How Booking.com Avoids and Deals with MySQL/MariaDB Replication Lag
MySQL/MariaDB replication is asynchronous. You can make replication faster by using better hardware (faster CPU, more RAM, or quicker disks), or you can use parallel replication to remove it single-threaded limitation; but lag can still happen. This talk is not about making replication faster, it is how to deal with its asynchronous nature, including the (in-)famous lag. We will start by explaining the consequences of asynchronous replication and how/when lag can happen. We will also analyze how some tools, including the pt-osc, try avoiding lag.

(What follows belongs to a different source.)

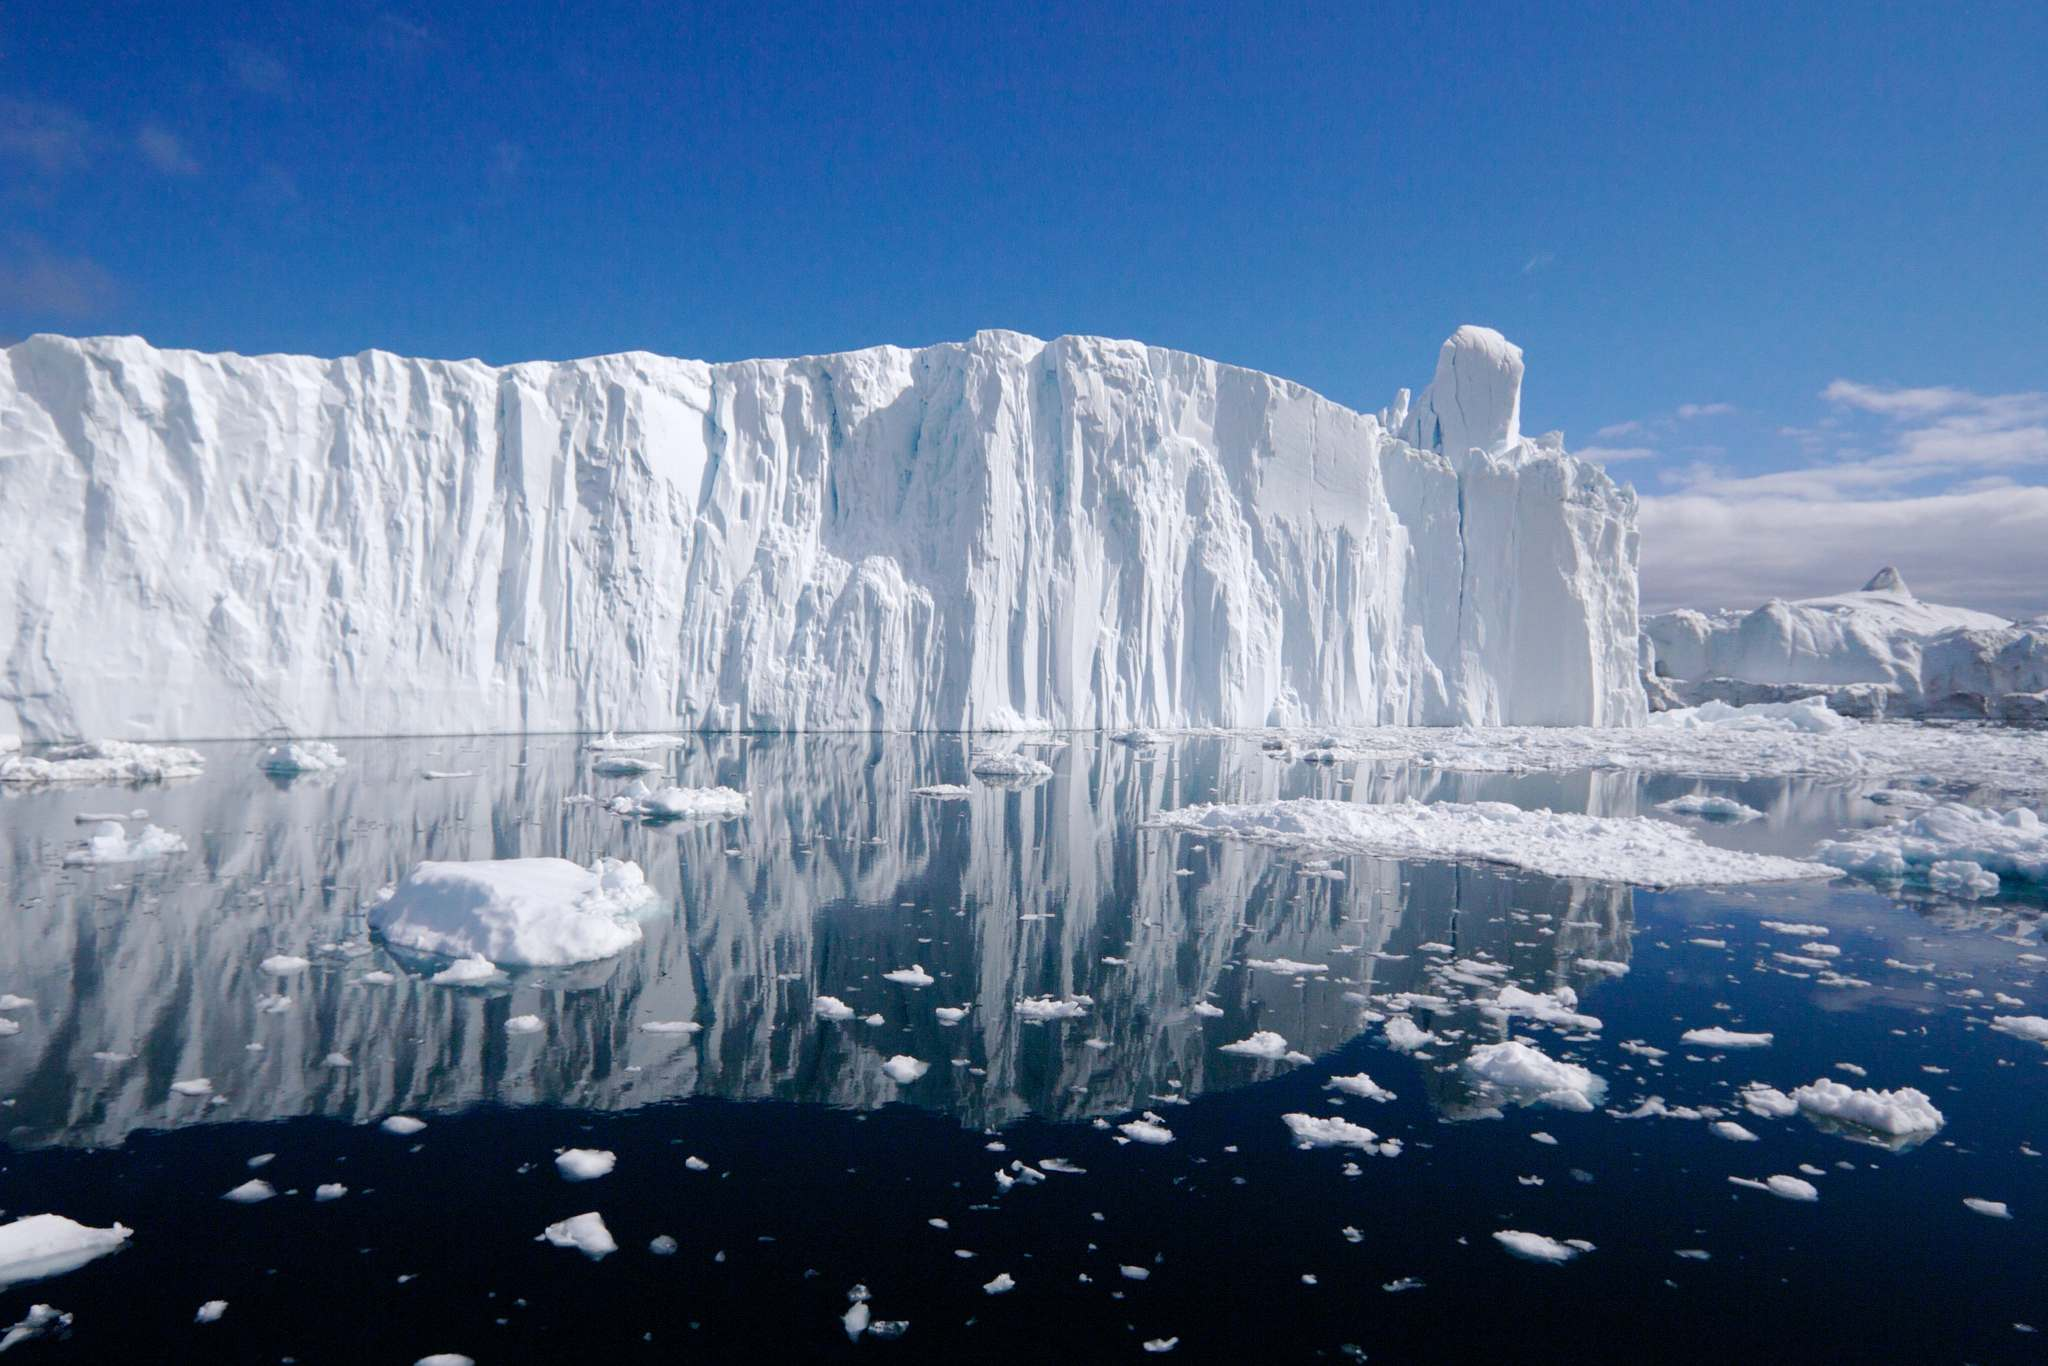 icefjord ilulissat The icefjord in Ilulissat, Greenland

Then, we will present the solution used at Booking.com to avoid both creating lag and minimize the consequence of stale reads on slaves (hint: this solution does not mean reading from the master because this does not scale). Once all above is well understood, we will discuss how Booking.com’s solution can be improved: this solution was designed years ago and we would do this differently if starting from scratch today. Finally, I will present an innovative way to avoid lag: the no-slave-left-behind MariaDB patch.
Principal Developer, Booking.com
Since 2010, Eric has been at Booking.com addressing various data challenges including scaling usage of MySQL and bringing hadoop into production. Eric spent the prior six years as a developer at MySQL and Sun Microsystems. In his spare time, he contributes to Free Software and develops Open Hardware.